Carlos se quedó dormido mientras ella seguía despierta mirándolo, contemplándolo desnudo, no podía  negar que Carlos era un hombre muy atractivo y que ya no era el galán que no dejaba títere sin cabeza, realmente estaba confundida no sabía si seguir con su plan o dejarse llevar del amor. De tanto pensar no pudo dormir bien a la madrugada por fin la venció el sueño hasta que la alarma sonó a la 5:30 am, era hora de levantarse para ir al trabajo, el trafico estaba pesado esa mañana así que llamo también a Carlos y aunque él era el jefe no podía darse privilegios además ella no quería que el siguiera en su habitación.
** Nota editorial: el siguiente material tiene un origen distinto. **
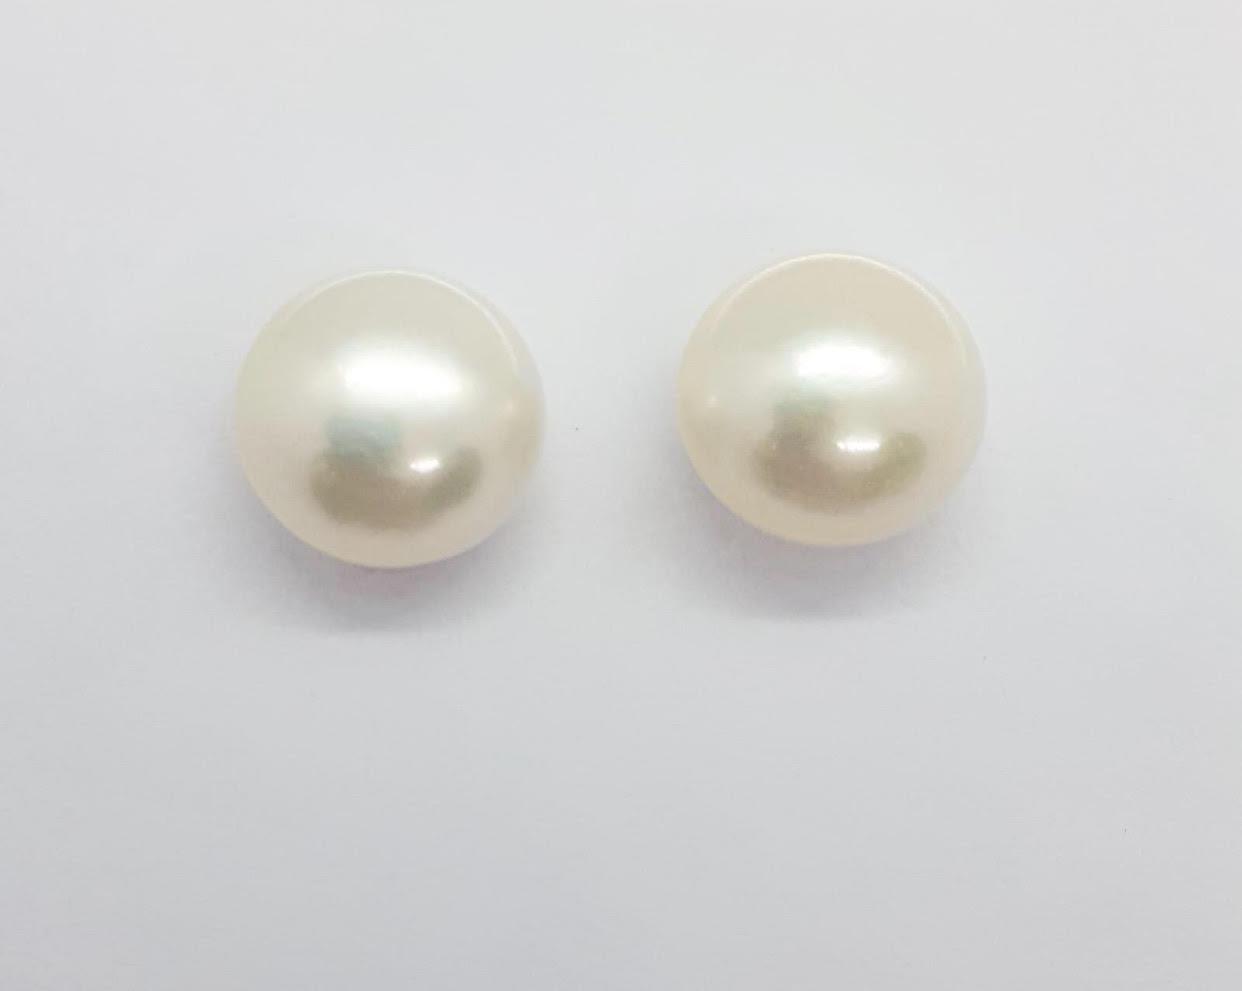 Sensi joyas alta joyería Granada plata compromiso PENDIENTES ORO 18K Y PERLAS

Mientras Carlos abría los ojos Ximena se metió a la ducha y mientras se bañaba Carlos no perdió oportunidad para hacerla nuevamente suya, el agua caía y los cuerpos tibios se unían nuevamente, dejando que la pasión inundara todo el lugar. Carlos la alzo y la recostó contra la pared, su cuerpo empezó a balancearse contra el cuerpo de Ximena  y estos dos amantes ya no se podían separar, llevaban tanto sin verse que sus cuerpos pedían cada vez más y más. El tiempo se detuvo en el reloj y para ellos ese fue un momento que jamás olvidarían y que deseaban repetir una y otra vez.

Esa misma mañana Carlos se demoró por llegar la oficina y Ximena sin importar la faena que había vivido llegó puntual a la reunión que tenía programada aunque Carlos era su jefe no quería levantar sospechas ni menos que la tildaran de irresponsable. Aquel día se hizo muy corto y caminando por el pasillo recordó que tenía que verse con Santiago para terminarle pues ya no había razones para continuar engañándolo. Al atardecer Isabela la hermana de Ximena apareció en su oficina con la carta, ella le pidió que la perdonara por haberse quedado con algo que no era suyo.
Después de que Isabela se fuera finamente Ximena puedo leer la carta de Carlos que decía así:

XIMENA:
Estoy destrozado no puedo mentirte. La mujer con que me viste era mi hermana, quien acababa de llegar de Miami y traía las cenizas de mi padre. No pienses mal. Si no te pude llamar y no te pude ver es porque todo me ha salido mal últimamente, he decido que ante tu ausencia y ya que no quieres hablar conmigo voy aceptar un trabajo en Los Ángeles y viajaré esta misma noche, ya no tengo nada que me retenga en Colombia.
Si quieres hablar conmigo puedes enviarme un correo electrónico, tú ya sabes mi cuenta.  
Quería despedirme de ti porque significas mucho para mí, no pensé enamorarme pero simplemente paso y la verdad después de esa noche todo cambio. Sé que mi intención al principio no era seria pero si algún día me perdonas yo estaré para ti.

Con amor y mucha tristeza te digo hasta siempre

Carlos.

Ximena no podía creer lo que sus ojos estaban leyendo todo había sido un malentendido y durante muchos años había odiado a Carlos por algo que nunca hizo. Ximena sintió que fue muy inmadura y bajó la guardia, mientras eso sucedía Carlos llamó a su celular diciéndole que en la noche le tenía una sorpresa. Él también había perdido el miedo al amor y quería darse una oportunidad con Ximena. Ella dejó a un lado sus planes de venganza y entendió que Carlos era el único que la hacía feliz y el único que la complementaba en todo.

Aunque al final si se desquitó de él, lo hizo de otra manera, lo dejó sin tocarla durante un mes para probar a ver si su amor era verdadero. Suena un poco bobo pero así fue.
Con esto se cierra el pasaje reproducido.